Dollars sent home by expatriate Filipinos rose during the first four months of the year, driven by the growth in remittances from both land- and sea-based workers, the central bank reported on Monday.
The Bangko Sentral ng Pilipinas said that personal remittances from overseas Filipinos for the first four months of the year totaled $10.4 billion, 4-percent higher than the level recorded in the comparable period in 2017.
For April 2018 alone, remittances increased by 12.9 percent year-on-year to $2.6 billion.
“The continued growth in personal remittances during the first four months of 2018 was driven by steady remittance inflows from land-based overseas Filipino workers with work contracts of one year or more, which aggregated to $8.1 billion, and compensation of sea-based workers and land-based workers with short-term contracts, which reached $2.1 billion,” BSP Governor Nestor Espenilla Jr. said.
Cash remittances from overseas workers coursed through banks jumped 12.7 percent year-on-year growth at $2.3 billion in April 2018. Remittances sent by land-based workers at $1.8 billion and sea-based workers at $500 million increased by 15.1 percent and 4.8 percent, respectively, compared to the levels posted in the same month a year ago.
The primary contributors to the growth in remittances during the month were the United States with 4.2 percentage points contribution to the 12.7 growth, Canada (1.9 percentage points) and Singapore (1 percentage point).
The increase in cash remittances in April brought the cumulative cash remittances for the first four months of the year to $9.4 billion, higher by 3.5 percent year-on-year.
By country source, the bulk of cash remittances during the period came from the United States, Saudi Arabia, United Arab Emirates (UAE), Japan, Singapore, United Kingdom, Canada, Germany, Qatar and Kuwait. The combined remittances from these countries accounted for almost 80 percent of total cash remittances.
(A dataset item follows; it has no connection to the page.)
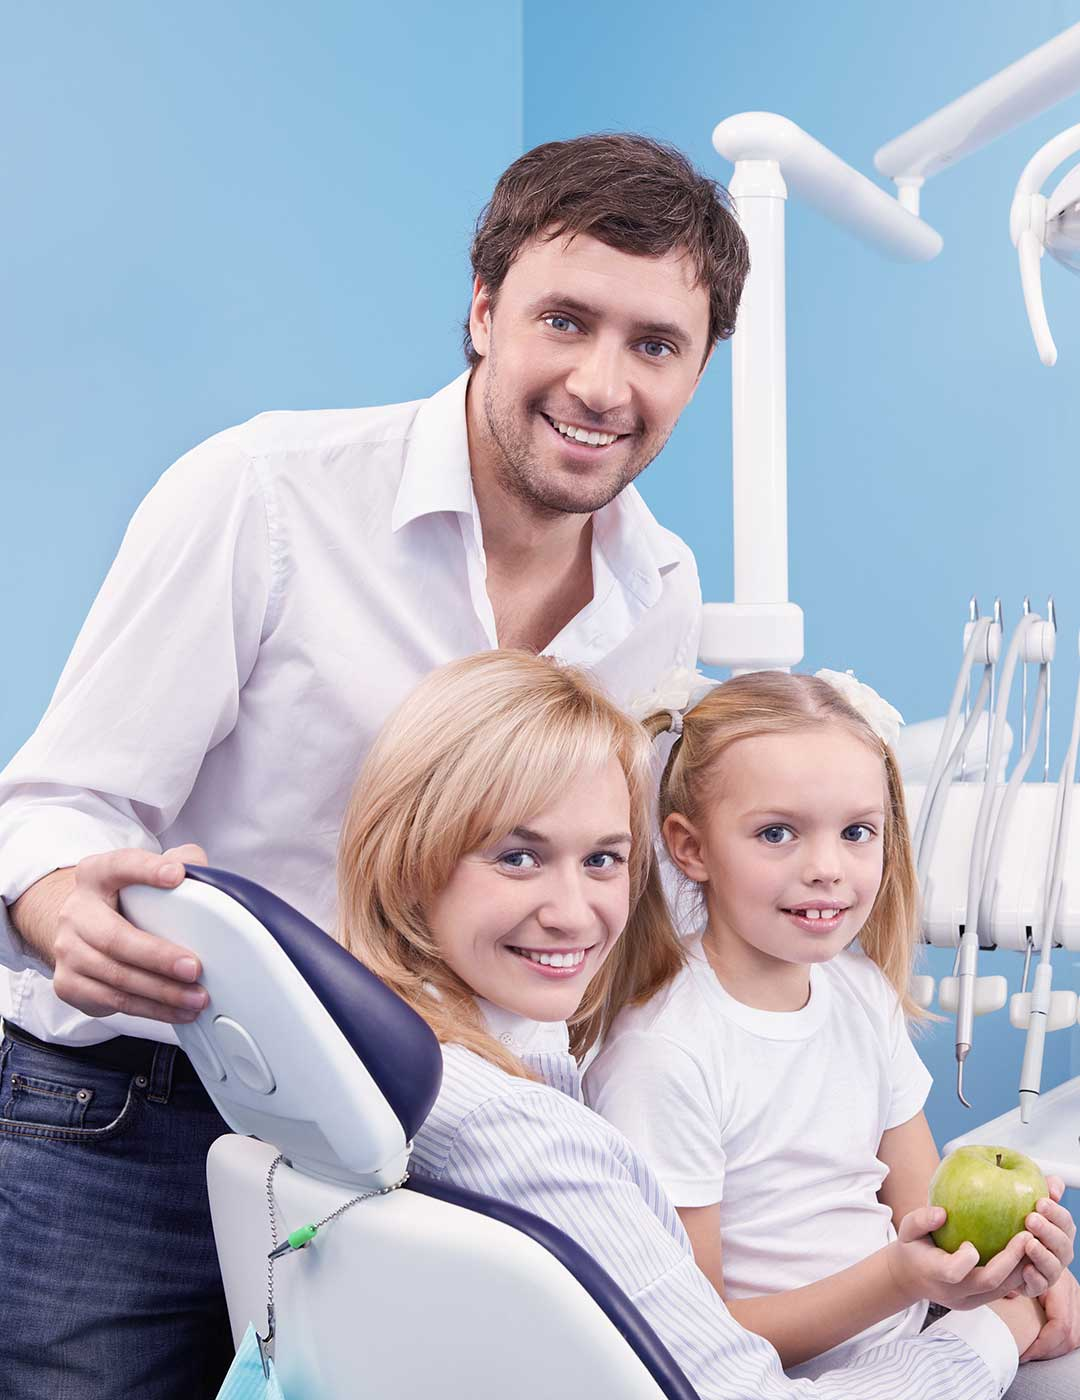 Your First Dental Visit

Personal remittances represent the sum of net compensation of employees, personal transfers (i.e., all current transfers in cash or in kind by Filipinos with work contracts of a year or more as well as other household-to-household transfers between Filipinos who have migrated abroad and their families in the Philippines), and capital transfers between households (i.e., the provision of resources for capital purposes).